I am working with the MNIST data set and I am using keras to train a convolutional neural network. There is something about the weight matrices that I do not understand.
The input layer has 28x28=784 neurons. Then I use:
Conv2D(32,kernel_size=(7,7),stride=(3,3),use_bias=False)
Conv2D(64,kernel_size=(5,5),stride=(2,2),use_bias=False)
Flatten()
Dense(200,use_bias=False)
Dense(150,use_bias=False)
Dense(10,use_bias=False,softmax)
After I train the model and put W = model.get_weights(), I print W[i].shape for each i and obtain:
(7,7,1,32)
(5,5,32,64)
(256,200)
(200,150)
(150,10)
As far as I understand, this means that for the first hidden layer there are 32 images of 8x8=64 (since (28-7)/3+1=8) and therefore there are 64x32=2048 neurons in the first hidden layer.
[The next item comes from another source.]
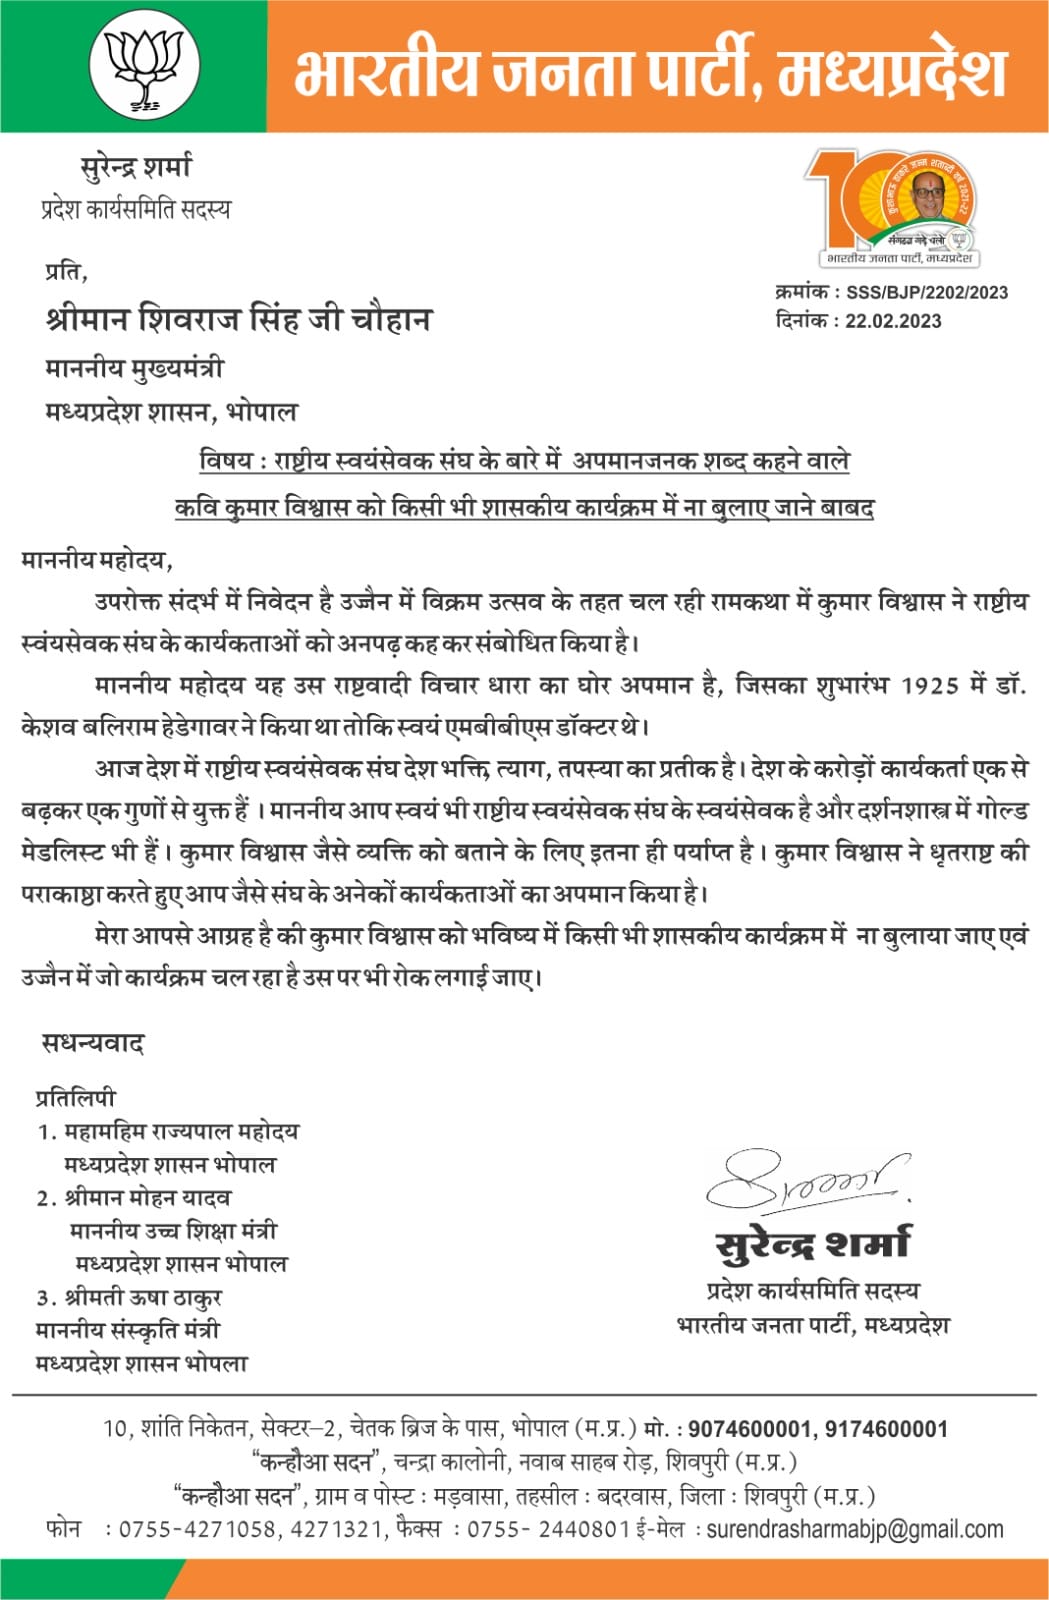 MP News : कुमार विश्वास को मध्य प्रदेश में बैन करने की मांग, बीजेपी नेता ने सीएम को लिखा पत्र
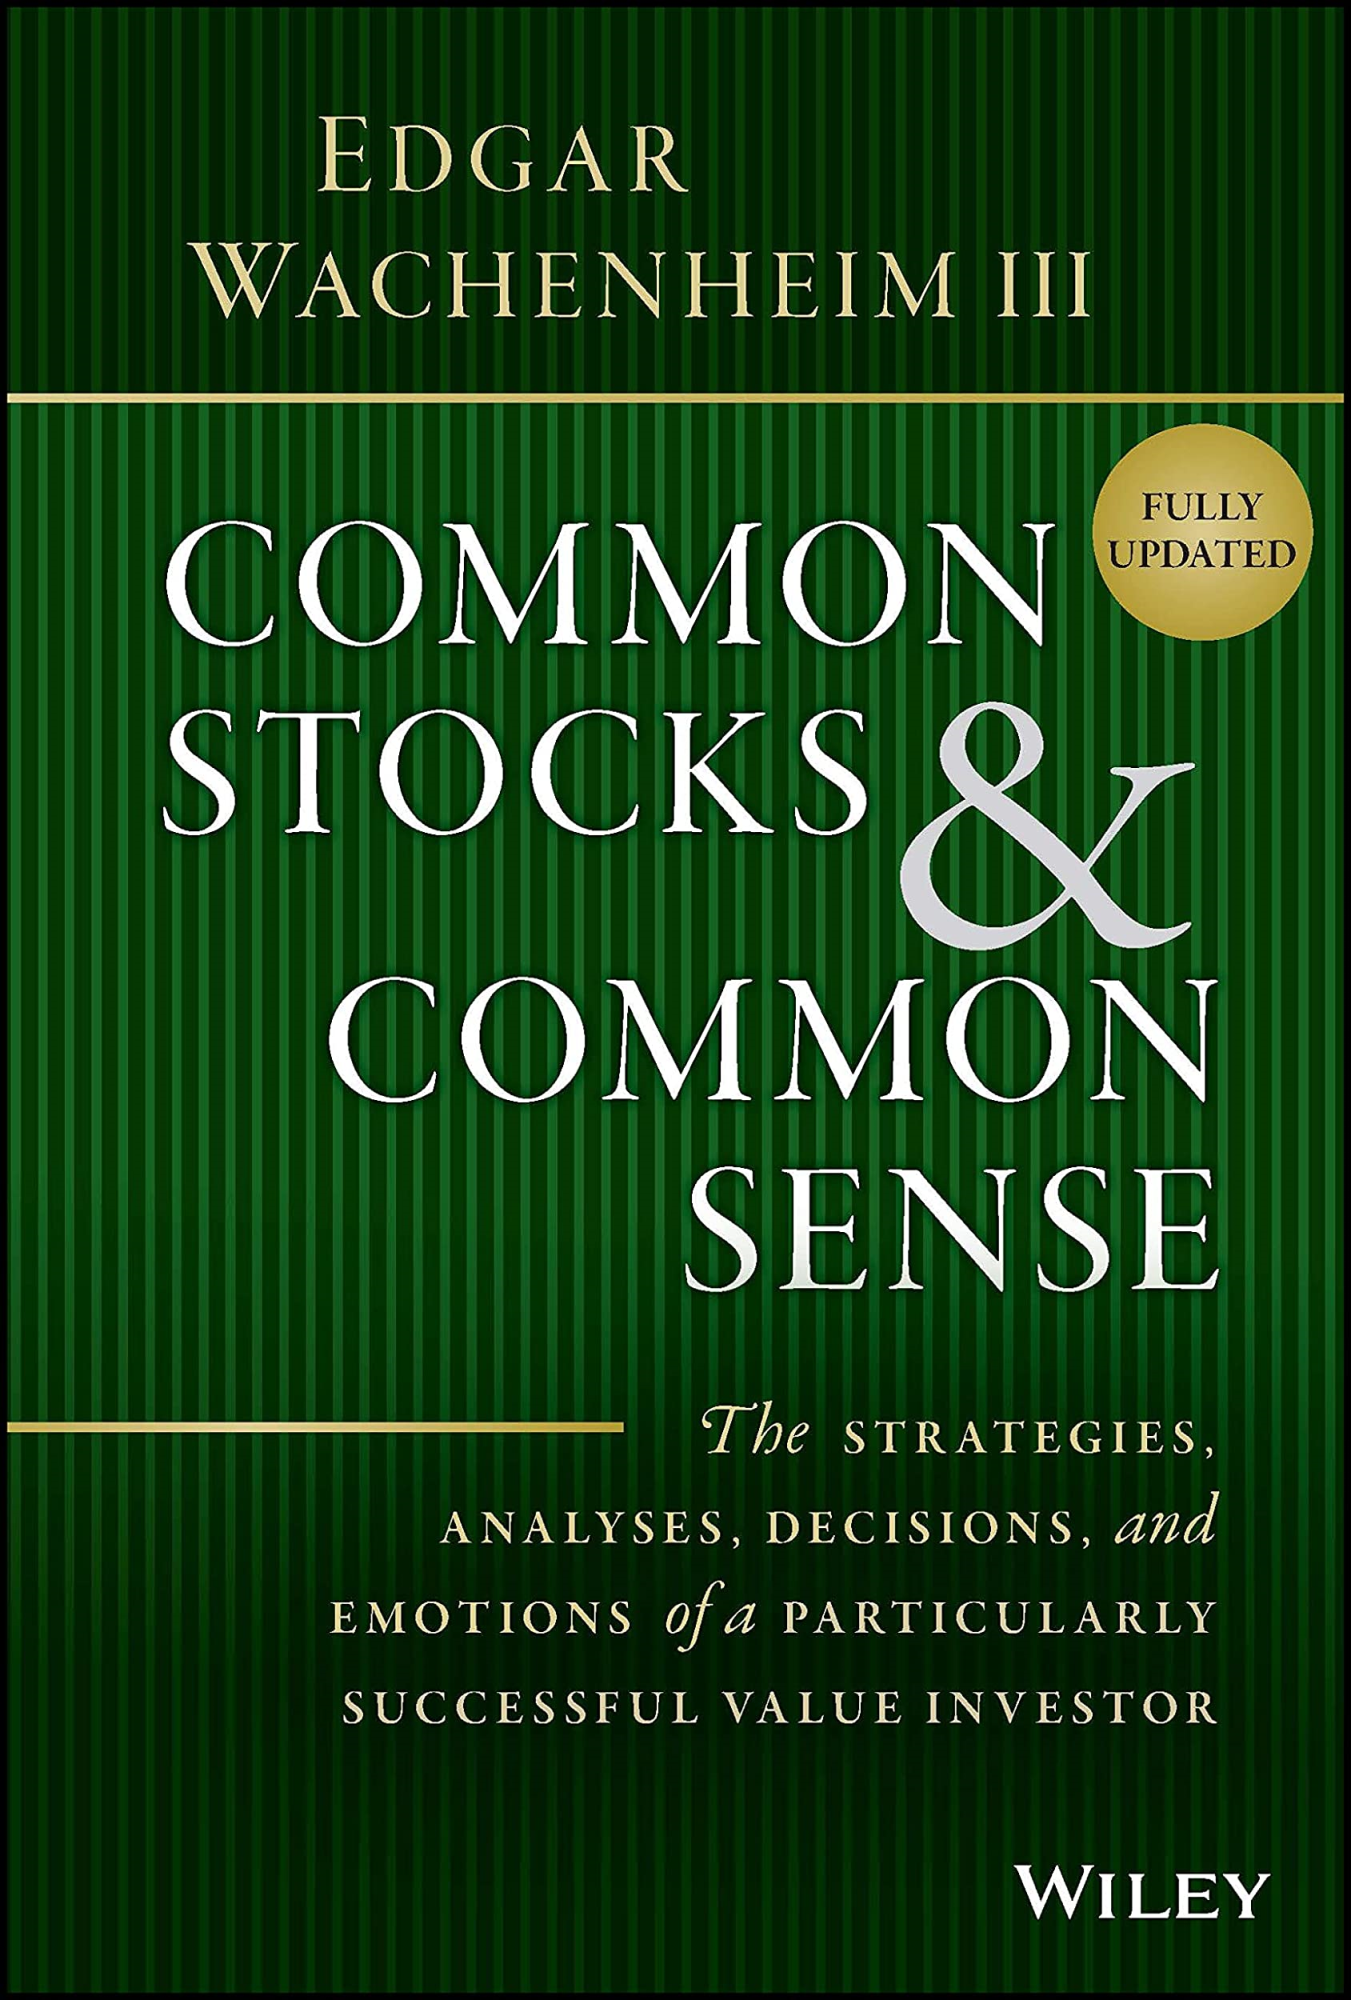 LIbri UK/US E Wachenheim - Common Stocks And Common Sense - The Strategies, Analyses, Decisions, And Emotions Of A Particularly Successful Value Investor, Fully U NUOVO SIGILLATO, EDIZIONE DEL 29/08/2022 SUBITO DISPONIBILE

The next part is the one that confuses me. Since the next convolution has kernel size (5,5) and stride (2,2) and uses 64 filters, does this means that we apply 64 convolutions to each 8x8 image obtained in the first hidden layer? That will give 64x32=2048 images of size 2x2 and there will be 2048x4=8192 neurons in the second hidden layer. But the weight matrix of the next layer is of shape (256,200). Shouldn't it be of shape (8192,200)? What is happening here?